● **INSTRUCTIONS TO FOLLOW**: Copy the data below exactly, omitting any picture it contains.

● **DATASET EXCERPT**:
+--

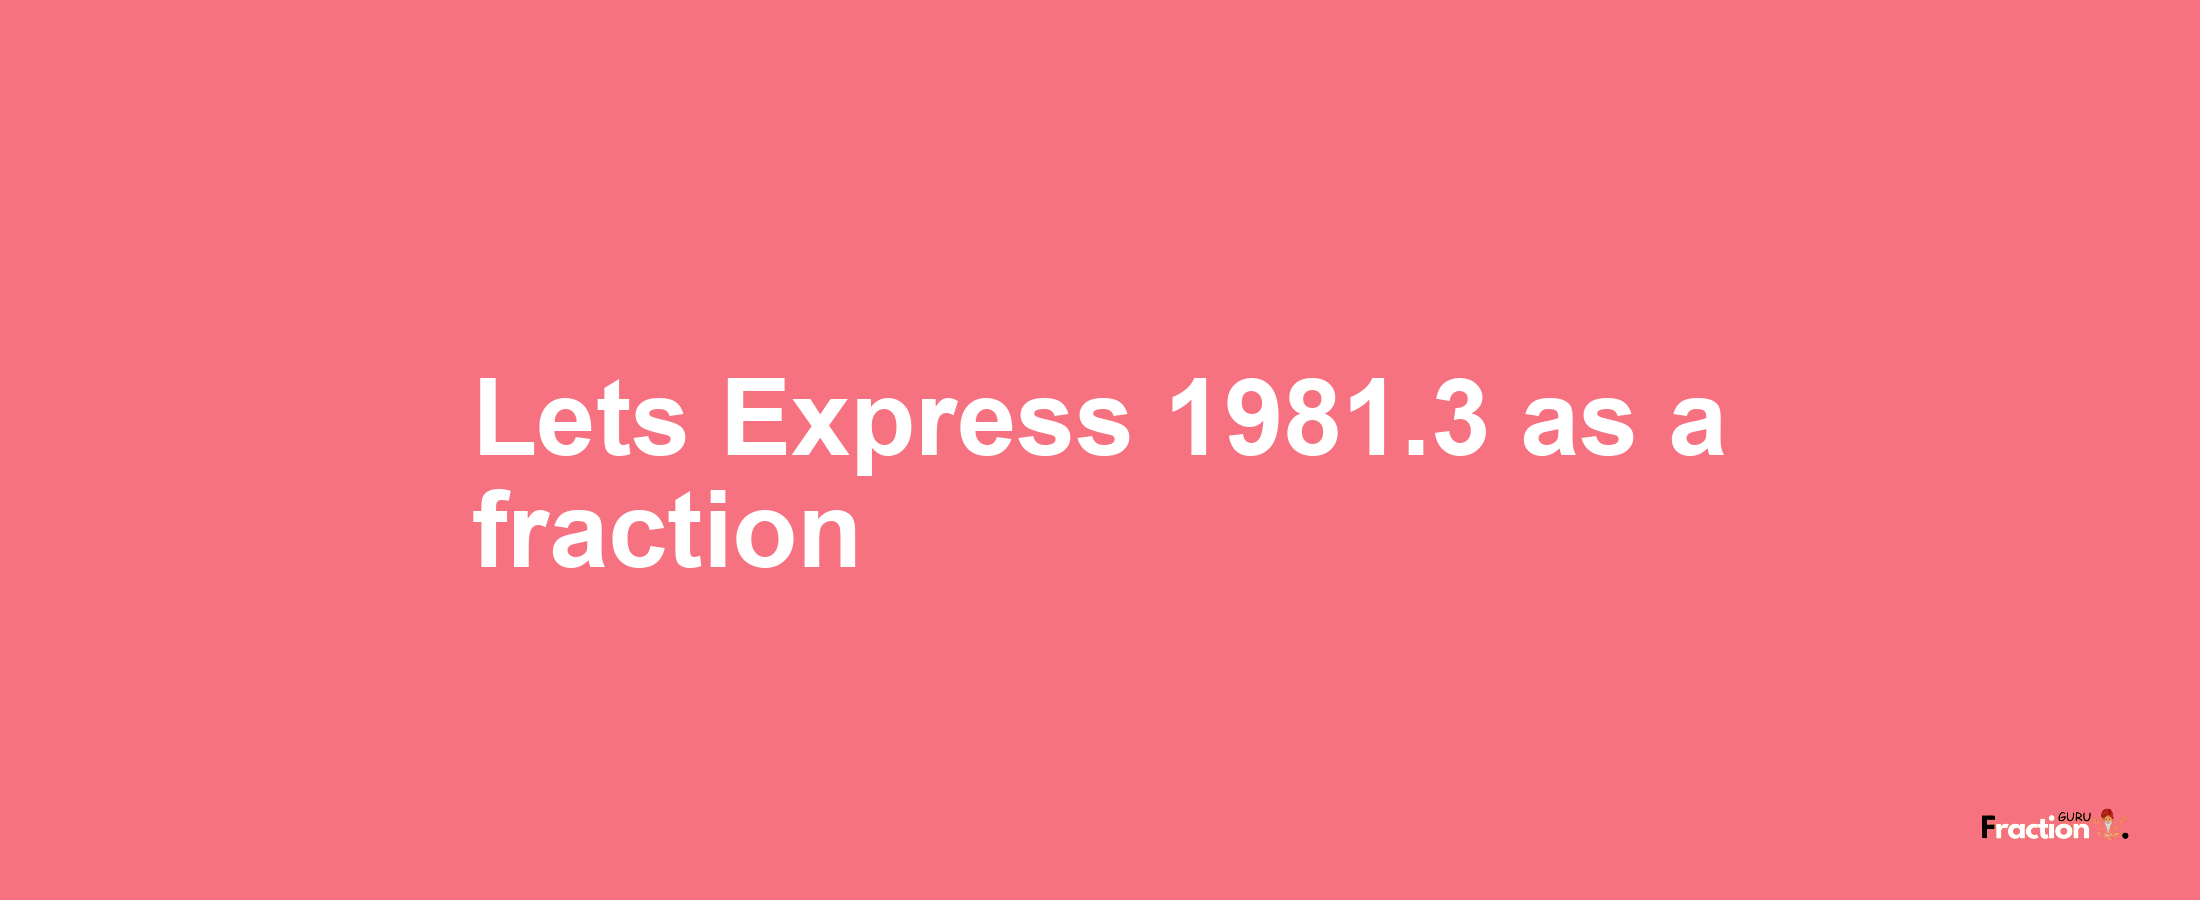 Lets Express 1981.3 as afraction
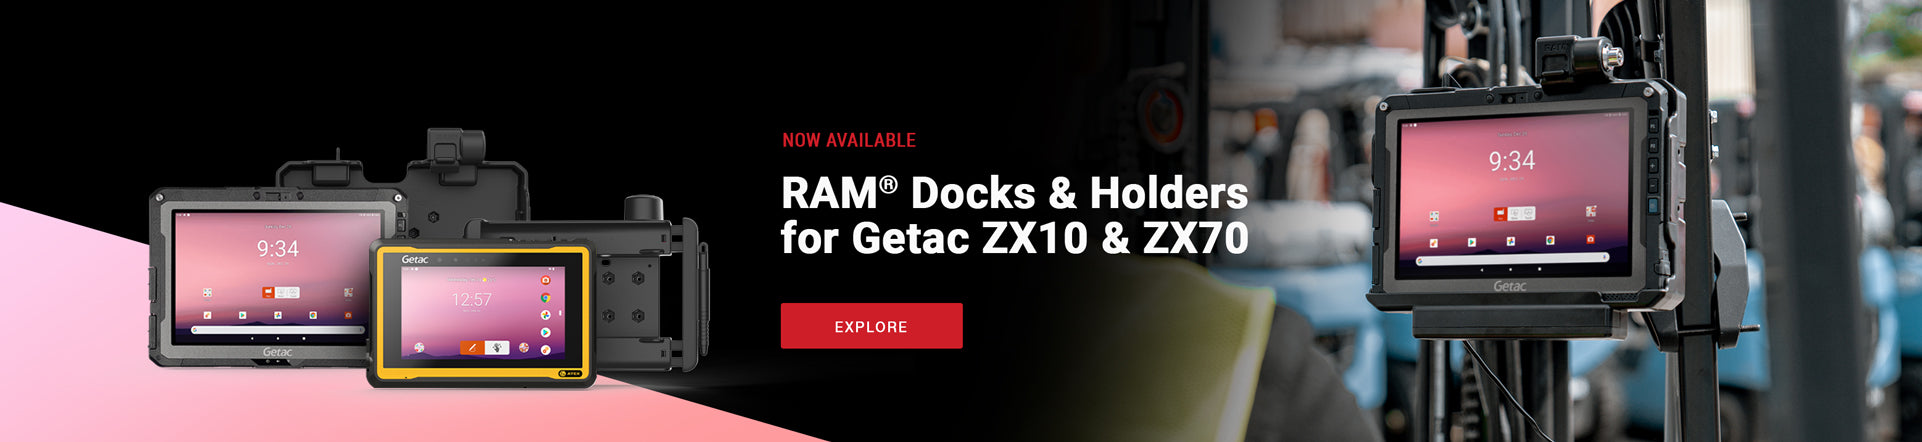 Homepage banner image featuring now available RAM Mounts Docks and Holders for Getac ZX10 and ZX70
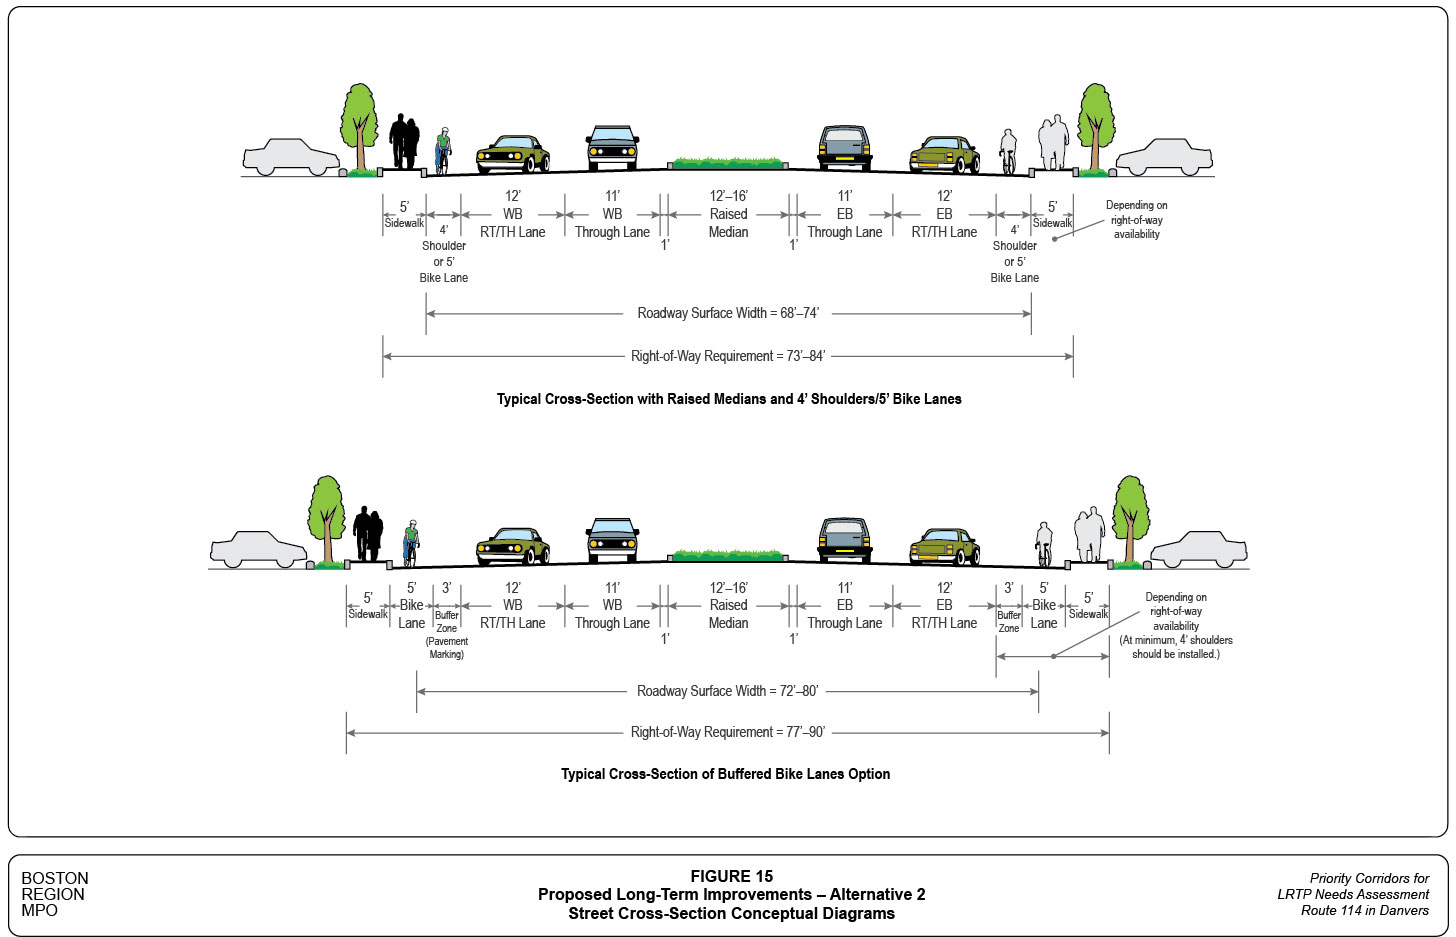 Figure 15 shows the proposed roadway cross-sections for Alternative 2.
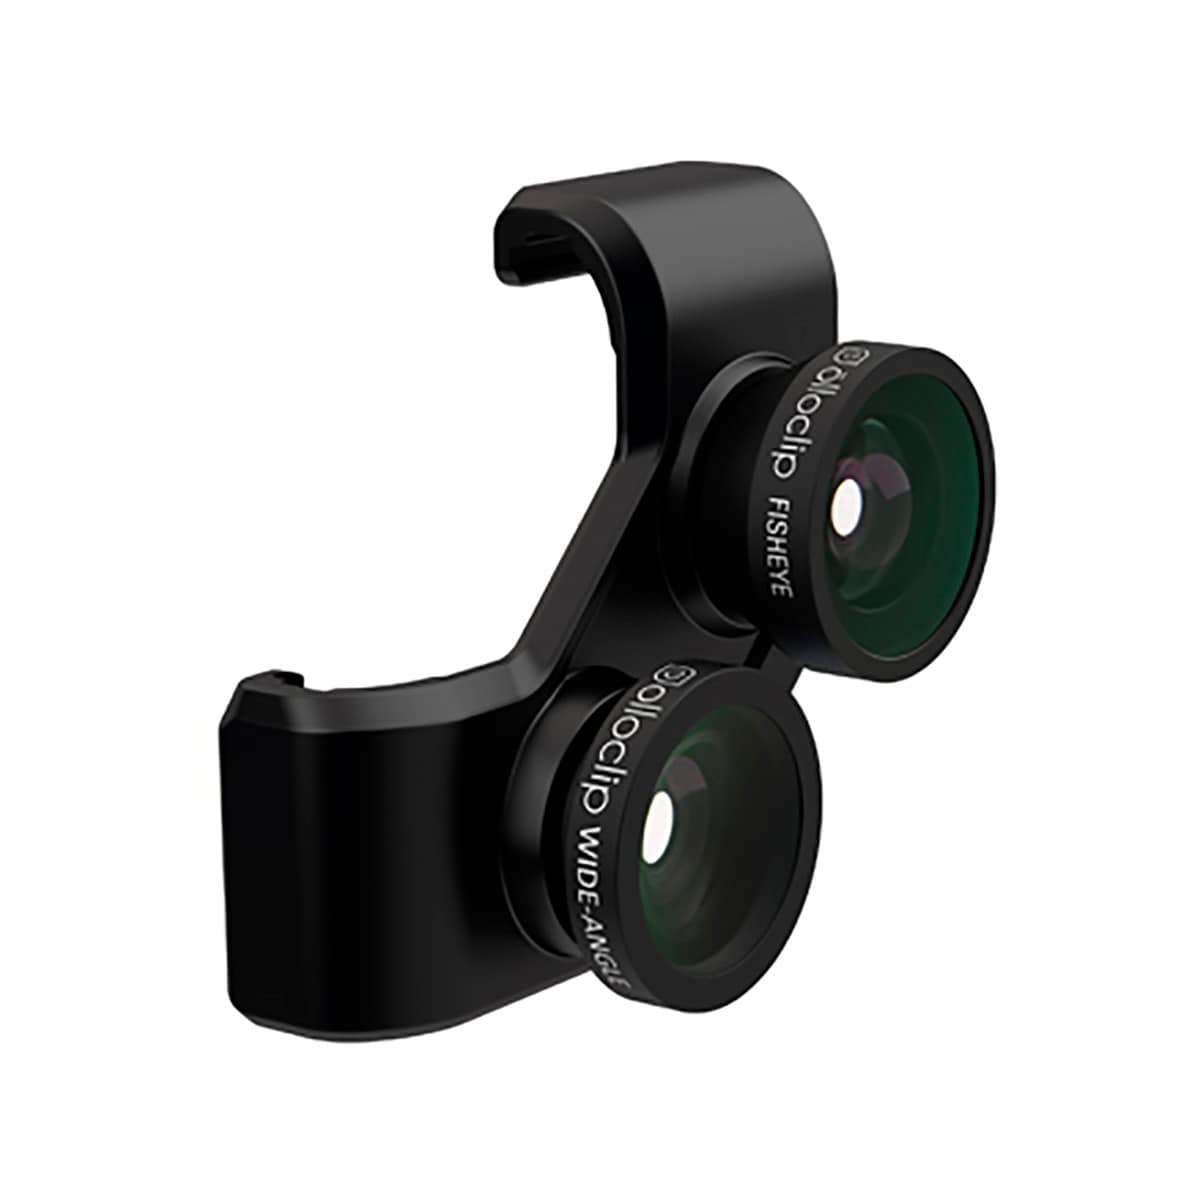 olloclip 4-In-1 Photo Lens for Samsung Galaxy S4 Black, One Size

+--

● **OUTPUT FOR THIS EXERCISE**:
 Lets Express 1981.3 as afraction
 Homepage banner image featuring now available RAM Mounts Docks and Holders for Getac ZX10 and ZX70
 Figure 15 shows the proposed roadway cross-sections for Alternative 2.
 olloclip 4-In-1 Photo Lens for Samsung Galaxy S4 Black, One Size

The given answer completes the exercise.